* Directions *
Every entry should come back exactly as written, minus the pictures.

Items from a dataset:
---------------
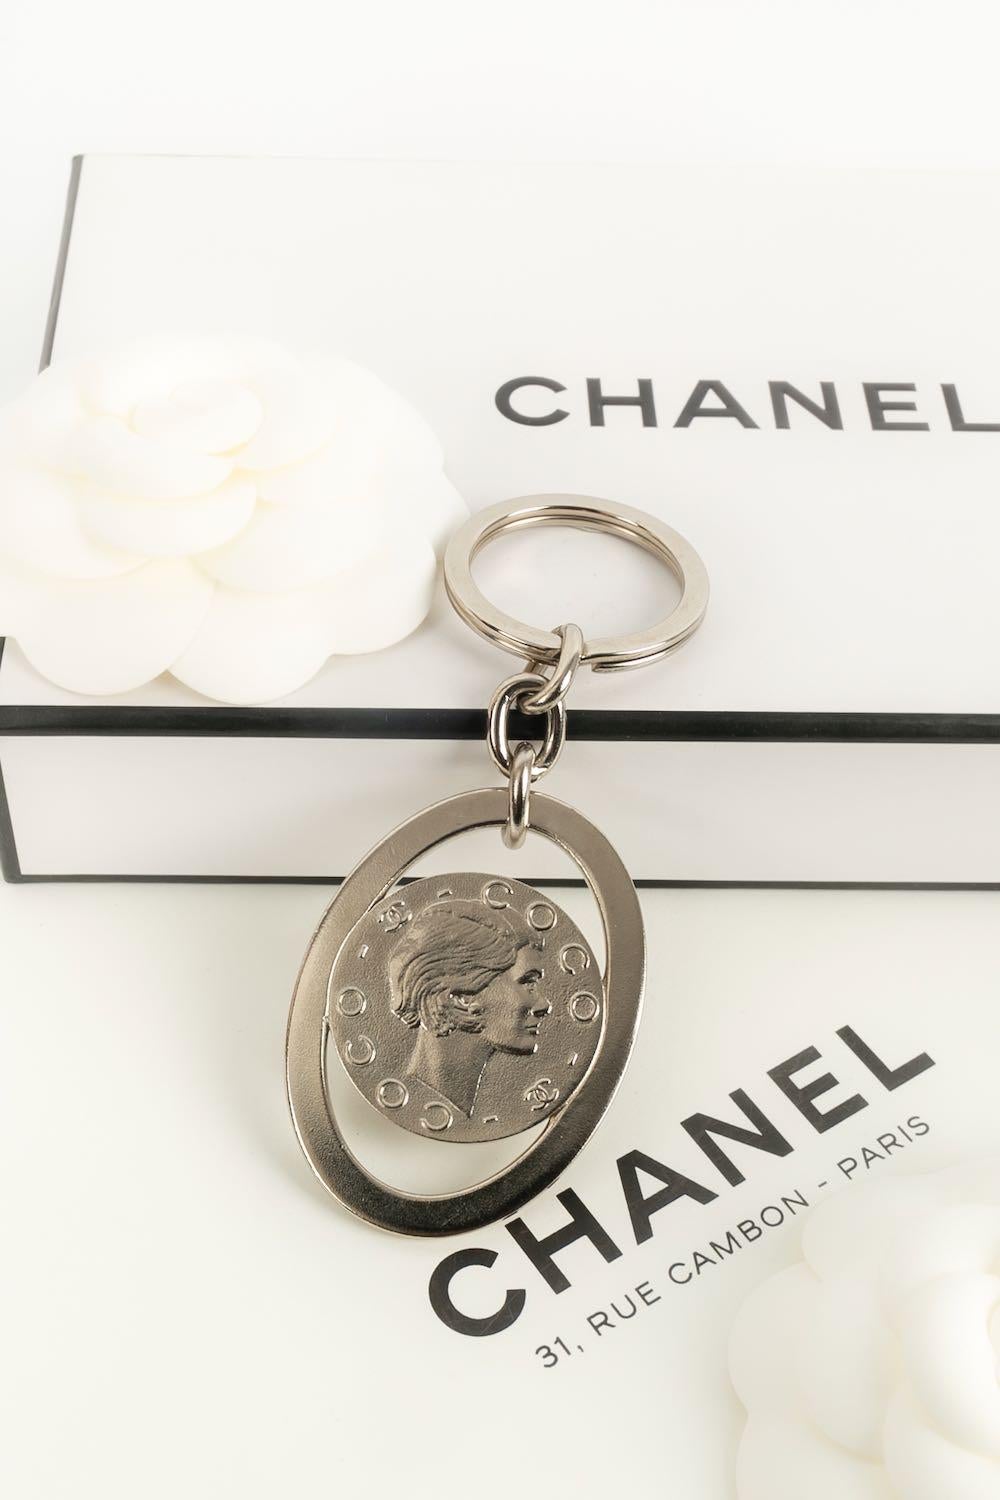 Chanel - Silberner Metall-Schlüsselanhänger

Zusätzliche Informationen: 

Abmessungen: 
Höhe: 10 cm

Bedingung: 
Sehr guter Zustand

Verkäufer Ref Nummer: BRB11
---------------
* Exercise response *
 Chanel - Silberner Metall-Schlüsselanhänger

Zusätzliche Informationen: 

Abmessungen: 
Höhe: 10 cm

Bedingung: 
Sehr guter Zustand

Verkäufer Ref Nummer: BRB11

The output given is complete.